Quindi, la politica del “fronte largo” o “fronte unico”, che Lenin guidò Karl Radek a mettere in pratica nella Germania territorialmente occupata dal Trattato di Versailles, fu una politica di alleanze con i settori medi, e non con il grande capitale, responsabili per il terribile bottino imposto ai tedeschi.,
Mantenendo le dovute differenze di tempo e di spazio, non ci troveremmo di fronte a una situazione molto simile in Brasile, che ora sta discutendo, all'interno della sinistra, di alleanze in vista delle elezioni del 2022?
Non c'è dubbio che la grande borghesia agraria, o anche la grande borghesia in generale, fortemente legata alla logica finanziarizzata che oggi domina il capitalismo, sia impegnata fino al collo nella riedizione delle primitive forme di accumulazione (land grabbing, distruzione ambientale, esternalizzazione selvaggia, privatizzazione dei beni statali), essa stessa base incontrastata di Alckmin nella politica nazionale fino a tempi molto recenti.
La stessa borghesia che non solo è stata alleata per la prima volta del golpe del 2016, ma si è anche comportata in maniera impegnata o almeno da serena “spettatrice” di fronte all'ascesa del neofascismo bolsonarista.
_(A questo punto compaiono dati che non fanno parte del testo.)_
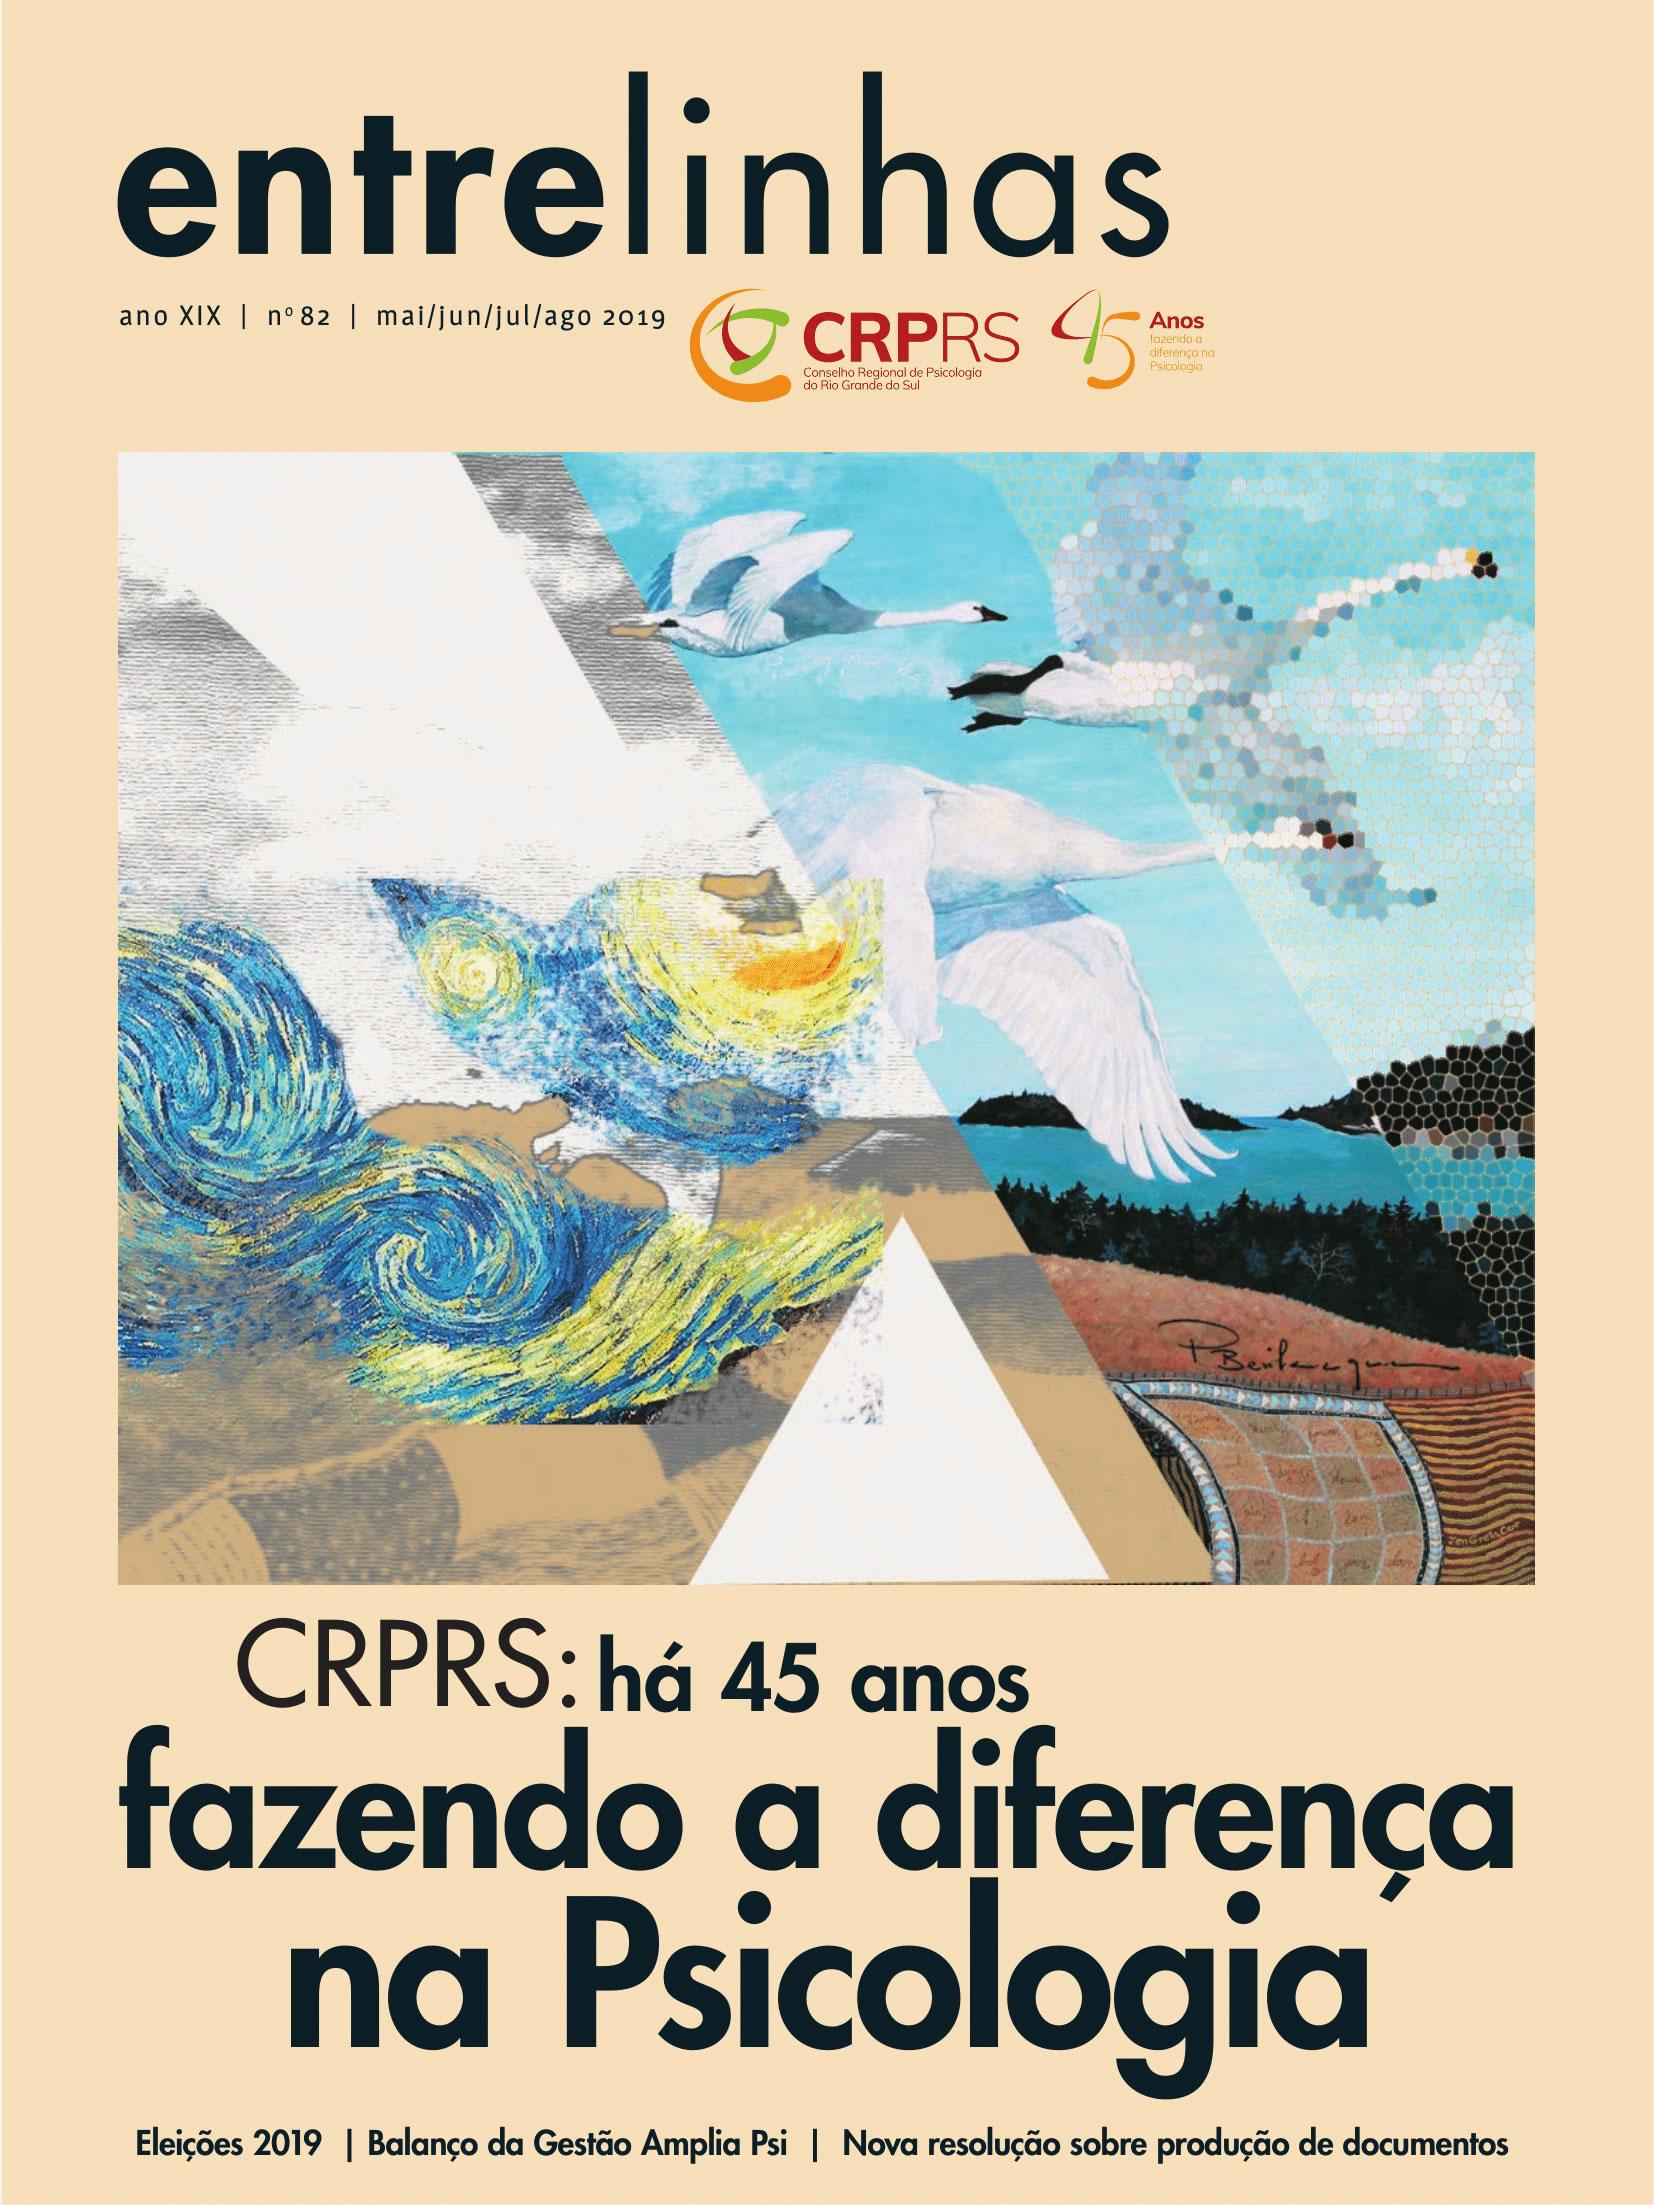 CRPRS: há 45 anos fazendo a diferença na Psicologia

L'epoca in cui questa stessa borghesia – molto meno finanziarizzata di oggi – ha potuto organizzare il cosiddetto gruppo degli otto, al fine di innalzare così, in mezzo alla dittatura militare, un manifesto imprenditoriale a favore della democrazia e degli investimenti pubblici.
In effetti, il dilemma davanti a noi oggi è, mutatis mutandis, molto più vicino a quello prima di Lenin negli anni '1920, poco somigliante sia alla situazione del secondo dopoguerra – che fece pensare a Togliatti a un percorso pacifico verso il socialismo – sia a quella dell'agonia della dittatura brasiliana nel 1964.
Quindi, aprendosi a strati che non fanno parte della classe operaia in senso stretto, come seppe valutare Lenin negli anni '1920, è una necessità imperativa, ma ciò non equivale in alcun modo ad aprirsi al grande capitale che ha riempito il culo al e con il (neo)fascismo. Il settore oggetto di una politica di egemonia è il settore della classe media − soprattutto i suoi gruppi più popolari, poco identificati con Alckmin, ma comunque oggetto degli assalti ideologici del (neo)fascismo.
Cercare di convincerci del contrario in nome di Lenin non è altro che una maldestra operazione intellettuale. E, peggio ancora, incline al compromesso con idee molto conservatrici. O, come diceva Lenin nella sua critica alle illusioni di Plekhanov con la via prussiana − riprendendo in realtà le parole di Heine citate da Marx −, un'operazione capace di seminare “draghi”, ma certamente destinata a raccogliere “pulci”.
Forse non tutto è perduto. Le cose si decideranno tra febbraio e marzo e non senza consultare le basi del Pt, come ha detto lo stesso Lula. Forse allora i “leninisti dimenticati da Lenin” potranno “riconoscere l'errore”, “scuotersi la polvere” e “voltarsi indietro”, per riposizionarsi finalmente accanto ai settori radicalmente democratici della vita nazionale.
* Marcos Aurelio da Silva Professore presso il Dipartimento di Geoscienze dell'Università Federale di Santa Catarina (UFSC).
note:
, Lenin, VI Prefazione alla seconda edizione di Lo sviluppo del capitalismo in Russia. Processo di formazione del mercato interno per la grande industria. Traduzione José Paulo Netto; recensione di Paolo Bezerra. San Paolo: Abri Cultural, 1982, pp. 9 e segg.
, Lenin, VI Dell'infantilismo di sinistra e dello spirito piccolo-borghese. Opere selezionate, vol. 2. Mosca: Edizioni Progresso; Lisboa: Edições Avante!, p. 602.
, Lenin, VI VII Congresso Straordinario del PCR (b). Opere selezionate, vol, 2. Mosca: Progress Editions; Lisboa: Edições Avante!, p. 501.
, Azzara, GS Comunisti, fasciti e questione nazionale. Germania 1923: fronte rossobruno o guerra di egemonia? Milano: Mimesis, 2018, pp. 28 e segg.